Genealogy has already been used for centuries to trace families back in time. Since large-scale direct-to-consumer (DTC) DNA tests became available, they have been routinely used by genetic genealogists for family history research and unknown parentage research, involving sperm donors, adoptees, and missing persons. The four main groups of DTC testing are FamilyTree DNA, 23andMe, Ancestry.com, and MyHeritage. Investigative genetic genealogy (IGG), also known as forensic genetic genealogy (FGG), is a new and promising tool for individual identification in murders, rapes, and missing person cases, and had already helped generate leads that solved cold cases around the globe (Thomson et al., 2020; Tillmar et al., 2021; Dowdeswell, 2022). Technical and legal considerations must be examined carefully before the method adoption (Scudder et al., 2020). IGG uses hundreds of thousands of SNPs of customized microarrays, such as Illumina OmniExpress or GSA for example, and compare them to public genealogy databases to find segments of shared DNA between an offender and his biological relatives, making it possible to build family trees that include him, which could shorten the investigation (Tillmar et al., 2021). In Figure 3 we present an illustration of IGG application in a putative case, and Table 3 shows the average and the expected range of DNA shared between relatives with different levels of relationship in a family. There are three major requirements to reach a high level of effectiveness for the IGG method: a) large-scale autosomal genotype data available at an affordable price; b) public access to these genotype databases; and c) a well-founded system for analysis (Kling et al., 2021). In this way, WGS data potentially increases the detection power for distant relationships by 5-15% when compared with microarray data (Li ).

Figure 3 -

Illustration of a family tree used to solve a crime using Investigative Genetic Genealogy. In this example, after uploading large-scale SNP genotype data from the sample retrieved in the crime scene into GEDmatch, there was a ~12.5% match with a given individual (a DTC consumer). The exploration of different genealogy databases resulted in at least this family tree that included the DTC consumer (represented with a black square). The grey-scale shows individual who share DNA with the DTC consumer, and the numbers bellow each symbol shows the expected average of shared DNA. Red arrows show the four main suspects arising from this genealogy.

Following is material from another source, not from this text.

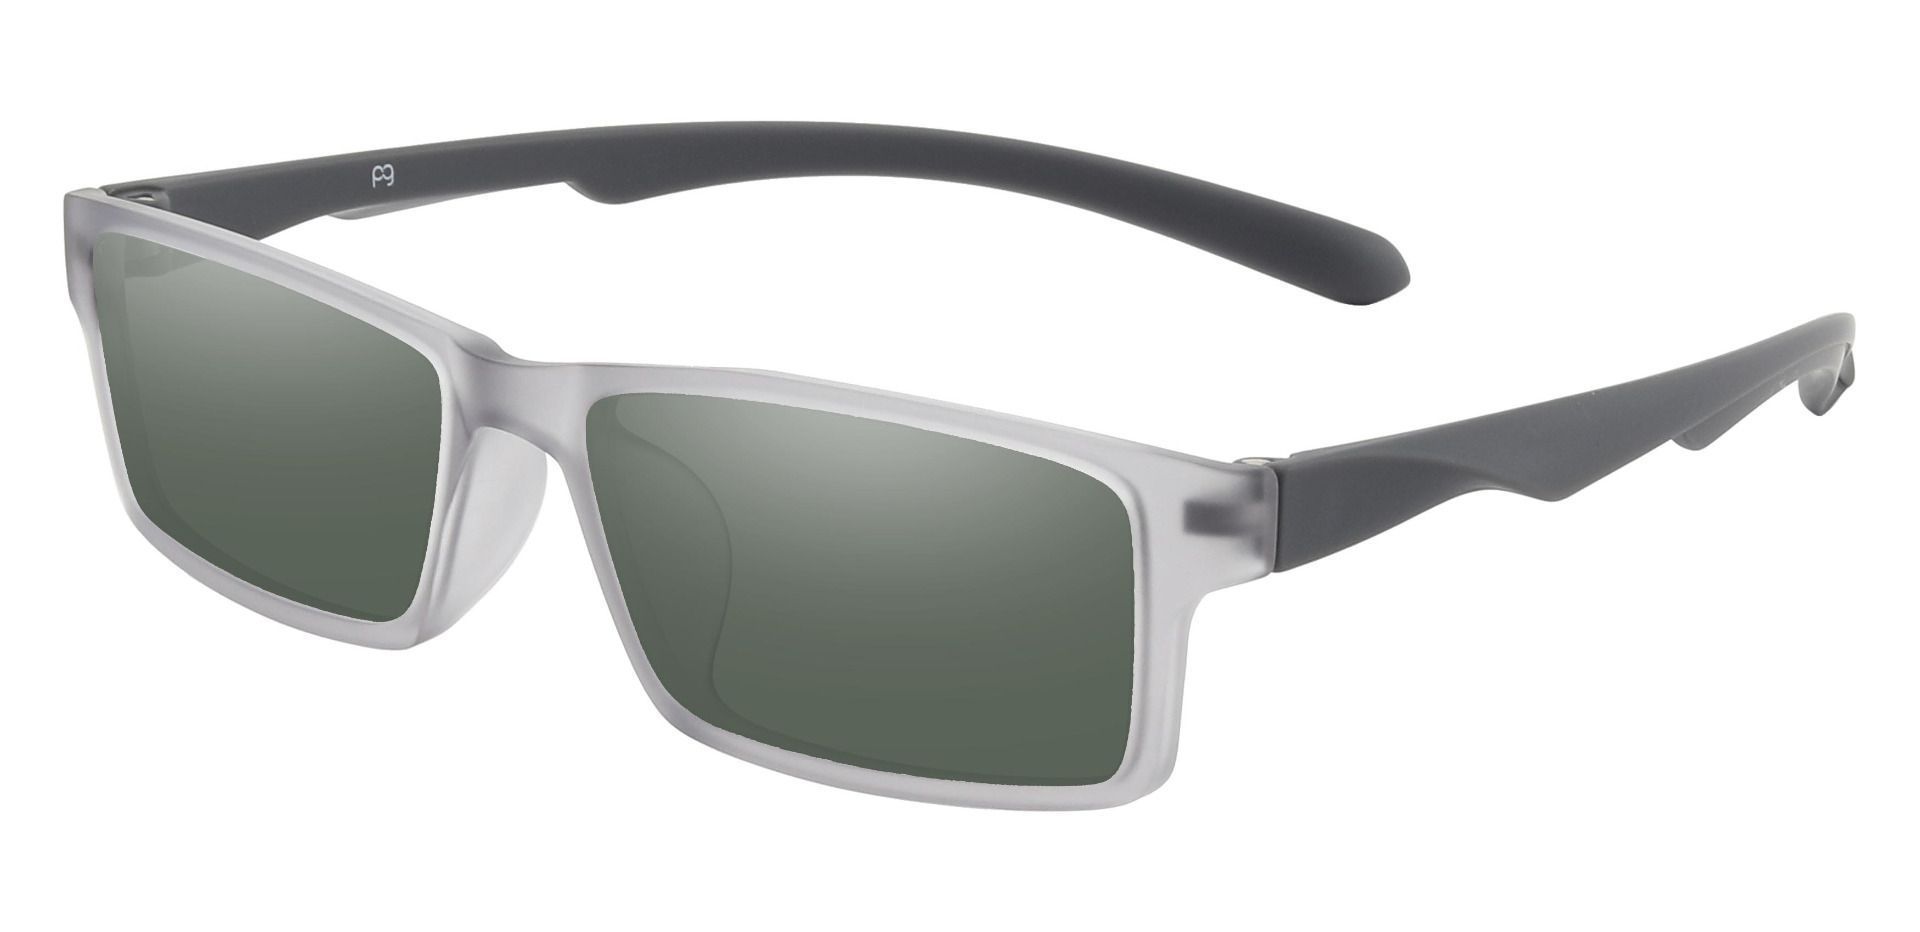 Walsh Rectangle Reading Sunglasses - Gray Frame With Green Lenses

Additional information from the perpetrator and from these four main suspects, such as gender, age, location (crime scene vs. residence), and predicted ancestry and phenotypes, for example, should be used to narrow down the number of suspects and track the actual perpetrator.

Table 3 -

Average percentage and expected range of DNA shared between family members (modified from a 23andMe table available at https://customercare.23andme.com/hc/en-us/articles/212170668-Average-Percent-DNA-Shared-Between-Relatives).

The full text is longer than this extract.